На глазах Серафимы стояли слезы.
– Папа, а почему ты с мамой не распишешься? – спросил Саша.
– Сначала узнаем, можно ли венчаться без росписи. Брачный договор надо составлять из – за денег.
– Зачем? – спросил Саша.
– Брачный договор, сынок, составляется, когда люди женятся, а денег у них по – разному. У одного деньги есть, а у другого – тоже есть, но поменьше.
Пантелей дернул Сашу за ухо:
– Запомни: ты единственный сын. Наследник! Мне больше никто не нужен. Без самозванцев обойдемся.
53
Пантелей с Серафимой и Сашей вошли в дом Оксаны. Стояла подозрительная тишина. В зале беззвучно двигались фантомы Звиров. На столе стояли недопитые бутылки с вином. На диванах лежали опоенные Оксана, Олег, Глеб. Из примыкавшей комнаты вышел Птусь.
Заметив Птуся, Серафима вытолкнула Саша на веранду. Птусь направил пистолет на Пантелей:
– Ну, вот и снова встретились! Мы прямо нераздучники!

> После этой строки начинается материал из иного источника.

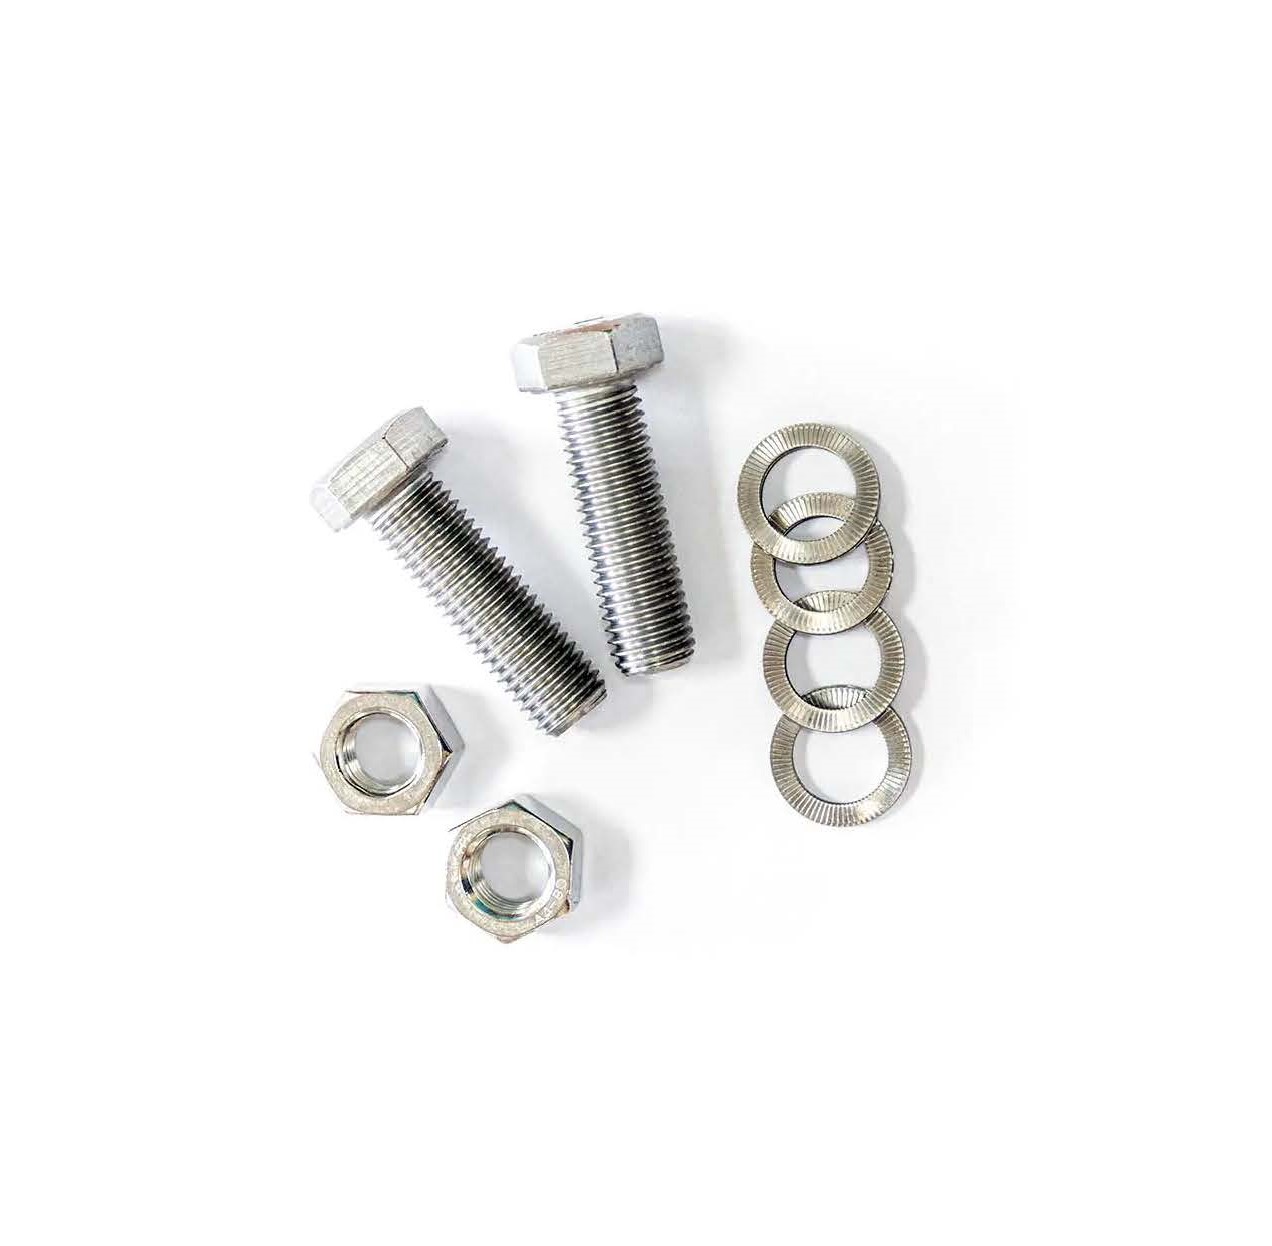 Crossing Bolt Set. Contains 2 X Bolts, 2 X Nuts, 4 X Special Locking Washers

– Позволь Серафиме уйти? – спокойно сказал Пантелей.
Серафима вышла к сыну на веранду. После короткого разговора Пантелея с Птусем, проморгавшие его охранники, позволили Птусю уйти. Так хотел Пантелей . Уехал и Птусь и сопровождавшие его лица.
Проснувшийся Глеб беседовал с братом:
– Как – то мирно уехал этот уголовник?
– Я ему сделал предложение, от которого он не смог отказаться.
– А не наоборот? Мяч был на его стороне.
– Птусь упрекал меня в депутатстве, а я предложил самому ему стать депутатом где – нибудь в регионе.
– Где он хочет?
– В Чите. Там золото.
– Не только золото… С возможностью продвижения … до губернаторского кресла?
– Мечтать не вредно… А Фима?
– Фиму и сына они оставят в покое. Из дома Фимы Птусь съедет.
– Платить не заставил?
– Нет.
– Пока – нет.
54
Пантелей с Серафимой лежали на пляже. Грело солнце. Кричали чайки. Саша строил замок из песка.
– Отвергаю любые гадости, исходящие от Птуся… Про инцест. Про то, что, будто бы, в старшем классе Птусю удалось совратить мою мать, Эллу Леонидовну, тогдашнюю его учительницу. 56
– Ему следовало бы сказать, что твой отец, Евстахий Николаевич, кастрировал его, поэтому у нас не было детей. Мы обратились к Елене Владимировне, теперешней жене Арнольда Оскаровича… Но твоя мать Элла Леонидовна ненавидит меня…
– Элла Леонидовна ревнует как мать. Ее властности любая невестка не угодит.
Пошли купаться. Мягкая теплая вода обволакивала и, одновременно, освежала. Пантелей плавал хорошо.
– А я, вот, в день десятилетия нашего сына, - сказал Пантелей, хочу признаться в любви к тебе, Фима. Не устаю повторять: z люблю тебя. И так никакую женщину никогда я не любил. Никого, кроме тебя, не хочу любить и дальше.
– Сердцу не прикажешь, Пантелеюшка. Я люблю тебя с тех пор, как ты снял квартиру в нашем доме на Вересаева.
– Я тебя тоже люблю. Не обижайся, но секс – это точно не то, что венчает наши отношения.
– Мы – взрослые люди, - отвечала Серафима, прижимаясь к Пантелею. – А сына нашего ты любишь?
Пантелей посмотрел на берег. За копавшемся в песке сыном он видел напряженную спину Олега Смирнова, охранника, оберегавшего их покой. Подъехала машина с надписью “Следственный комитет”. Оттуда вышел Митрохин. Пантелей сделал знак Олегу не останавливать следователя.
Звир вышел из воды, схватил полотенце, принялся вытираться:
– Что случилось, Александр Николаевич?
– Неприятности. Ежедневные неприятности. На этот раз снова зацепило вас, Пантелей Евстахиевич. Но не тема денег.
Прошлись по пляжу, где люди жарили шашлыки, играли в волейбол, бадминтон, просто грелись на солнышке, мазались защитными или способствующими загару мазями. Некоторые узнавали Звира, поворачивали в его сторону головы. Какой – то мужчина встал, не решаясь подойти, спросить, как жить.
– Мать Смирновых убита.
– Где она была?
Митрохин оглянулся на Олега.
– Смирновы, я имею в виду освободившегося уголовного авторитета – Птуся и вашего охранника, одновременно , мужа сестры, Олега, поместили дементную мать в ПНИ.
– Так была плоха?
– Сыновей не узнавала. Нуждалась в уходе. Бывала агрессивна. Сиделки не выдерживали, сбегали. Юлия Викторовна била сиделок, царапала. Отказывалась от еды. С балкона записочки прохожим бросала, чтобы ее “освободили”. Смирновых понять можно.
– А муж ее?
– Вы имеете в виду бывшего мужа – Гундермана? Моего тестя?